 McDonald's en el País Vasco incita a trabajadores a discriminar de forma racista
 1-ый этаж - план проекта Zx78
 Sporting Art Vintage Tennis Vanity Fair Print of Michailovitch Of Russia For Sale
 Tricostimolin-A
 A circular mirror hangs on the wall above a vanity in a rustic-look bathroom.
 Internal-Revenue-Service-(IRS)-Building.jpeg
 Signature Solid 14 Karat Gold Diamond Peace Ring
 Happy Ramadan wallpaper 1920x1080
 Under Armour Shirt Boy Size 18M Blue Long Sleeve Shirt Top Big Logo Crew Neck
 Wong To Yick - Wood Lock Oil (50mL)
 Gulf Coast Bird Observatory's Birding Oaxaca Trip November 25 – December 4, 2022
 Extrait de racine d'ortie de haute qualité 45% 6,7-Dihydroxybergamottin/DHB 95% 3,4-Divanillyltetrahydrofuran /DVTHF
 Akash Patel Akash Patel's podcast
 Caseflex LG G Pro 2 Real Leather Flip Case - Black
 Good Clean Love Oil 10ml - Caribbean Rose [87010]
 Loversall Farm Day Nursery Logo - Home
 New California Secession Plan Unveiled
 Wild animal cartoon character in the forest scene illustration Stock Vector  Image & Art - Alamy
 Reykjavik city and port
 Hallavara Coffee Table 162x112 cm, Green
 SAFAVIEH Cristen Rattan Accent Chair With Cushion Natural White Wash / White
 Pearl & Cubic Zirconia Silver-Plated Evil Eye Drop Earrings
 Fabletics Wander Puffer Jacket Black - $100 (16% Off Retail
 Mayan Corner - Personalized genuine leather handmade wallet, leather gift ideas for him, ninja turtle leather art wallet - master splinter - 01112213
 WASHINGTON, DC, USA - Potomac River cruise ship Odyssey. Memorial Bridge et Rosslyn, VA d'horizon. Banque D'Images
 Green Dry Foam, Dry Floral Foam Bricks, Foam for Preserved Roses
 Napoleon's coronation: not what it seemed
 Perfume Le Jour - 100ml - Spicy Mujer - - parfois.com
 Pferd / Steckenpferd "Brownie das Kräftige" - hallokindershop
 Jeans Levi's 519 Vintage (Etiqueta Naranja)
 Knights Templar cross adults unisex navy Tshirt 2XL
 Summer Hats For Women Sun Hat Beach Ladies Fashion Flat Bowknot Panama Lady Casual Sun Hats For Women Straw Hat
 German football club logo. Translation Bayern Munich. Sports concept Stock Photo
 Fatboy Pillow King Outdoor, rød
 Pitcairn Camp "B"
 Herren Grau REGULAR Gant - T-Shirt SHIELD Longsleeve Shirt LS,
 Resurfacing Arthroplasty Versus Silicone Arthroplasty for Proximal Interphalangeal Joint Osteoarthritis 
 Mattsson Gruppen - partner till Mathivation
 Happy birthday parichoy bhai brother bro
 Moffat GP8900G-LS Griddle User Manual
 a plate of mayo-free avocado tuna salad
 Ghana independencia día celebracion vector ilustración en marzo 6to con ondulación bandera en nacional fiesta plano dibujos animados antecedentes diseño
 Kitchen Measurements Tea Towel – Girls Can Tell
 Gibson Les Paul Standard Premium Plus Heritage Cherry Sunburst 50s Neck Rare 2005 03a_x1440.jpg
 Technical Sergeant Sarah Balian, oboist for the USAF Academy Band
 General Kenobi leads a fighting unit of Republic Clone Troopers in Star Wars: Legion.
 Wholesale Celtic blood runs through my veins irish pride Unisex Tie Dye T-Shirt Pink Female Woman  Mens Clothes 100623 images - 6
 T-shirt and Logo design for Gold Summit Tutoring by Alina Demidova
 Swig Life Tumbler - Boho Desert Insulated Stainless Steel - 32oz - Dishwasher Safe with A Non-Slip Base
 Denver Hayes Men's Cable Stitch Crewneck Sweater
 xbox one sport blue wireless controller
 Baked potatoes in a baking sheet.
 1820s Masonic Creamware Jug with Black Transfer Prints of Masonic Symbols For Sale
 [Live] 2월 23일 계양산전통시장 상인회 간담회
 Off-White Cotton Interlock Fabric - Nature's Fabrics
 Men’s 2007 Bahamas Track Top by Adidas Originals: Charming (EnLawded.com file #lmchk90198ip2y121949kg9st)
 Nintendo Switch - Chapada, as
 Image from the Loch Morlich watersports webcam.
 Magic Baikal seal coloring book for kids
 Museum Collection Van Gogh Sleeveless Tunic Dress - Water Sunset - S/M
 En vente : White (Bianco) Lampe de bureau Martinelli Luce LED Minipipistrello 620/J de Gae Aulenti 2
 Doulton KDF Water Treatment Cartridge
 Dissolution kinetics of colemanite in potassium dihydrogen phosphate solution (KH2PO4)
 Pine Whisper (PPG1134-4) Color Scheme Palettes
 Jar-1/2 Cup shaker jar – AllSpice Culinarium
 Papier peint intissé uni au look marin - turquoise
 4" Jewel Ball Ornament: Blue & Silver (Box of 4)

--------------------------------

What you should do :: Quote every line of the records above, from the first down to the one holding "Green Dry Foam, Dry", exactly as written.

Completed task ::
 McDonald's en el País Vasco incita a trabajadores a discriminar de forma racista
 1-ый этаж - план проекта Zx78
 Sporting Art Vintage Tennis Vanity Fair Print of Michailovitch Of Russia For Sale
 Tricostimolin-A
 A circular mirror hangs on the wall above a vanity in a rustic-look bathroom.
 Internal-Revenue-Service-(IRS)-Building.jpeg
 Signature Solid 14 Karat Gold Diamond Peace Ring
 Happy Ramadan wallpaper 1920x1080
 Under Armour Shirt Boy Size 18M Blue Long Sleeve Shirt Top Big Logo Crew Neck
 Wong To Yick - Wood Lock Oil (50mL)
 Gulf Coast Bird Observatory's Birding Oaxaca Trip November 25 – December 4, 2022
 Extrait de racine d'ortie de haute qualité 45% 6,7-Dihydroxybergamottin/DHB 95% 3,4-Divanillyltetrahydrofuran /DVTHF
 Akash Patel Akash Patel's podcast
 Caseflex LG G Pro 2 Real Leather Flip Case - Black
 Good Clean Love Oil 10ml - Caribbean Rose [87010]
 Loversall Farm Day Nursery Logo - Home
 New California Secession Plan Unveiled
 Wild animal cartoon character in the forest scene illustration Stock Vector  Image & Art - Alamy
 Reykjavik city and port
 Hallavara Coffee Table 162x112 cm, Green
 SAFAVIEH Cristen Rattan Accent Chair With Cushion Natural White Wash / White
 Pearl & Cubic Zirconia Silver-Plated Evil Eye Drop Earrings
 Fabletics Wander Puffer Jacket Black - $100 (16% Off Retail
 Mayan Corner - Personalized genuine leather handmade wallet, leather gift ideas for him, ninja turtle leather art wallet - master splinter - 01112213
 WASHINGTON, DC, USA - Potomac River cruise ship Odyssey. Memorial Bridge et Rosslyn, VA d'horizon. Banque D'Images
 Green Dry Foam, Dry Floral Foam Bricks, Foam for Preserved Roses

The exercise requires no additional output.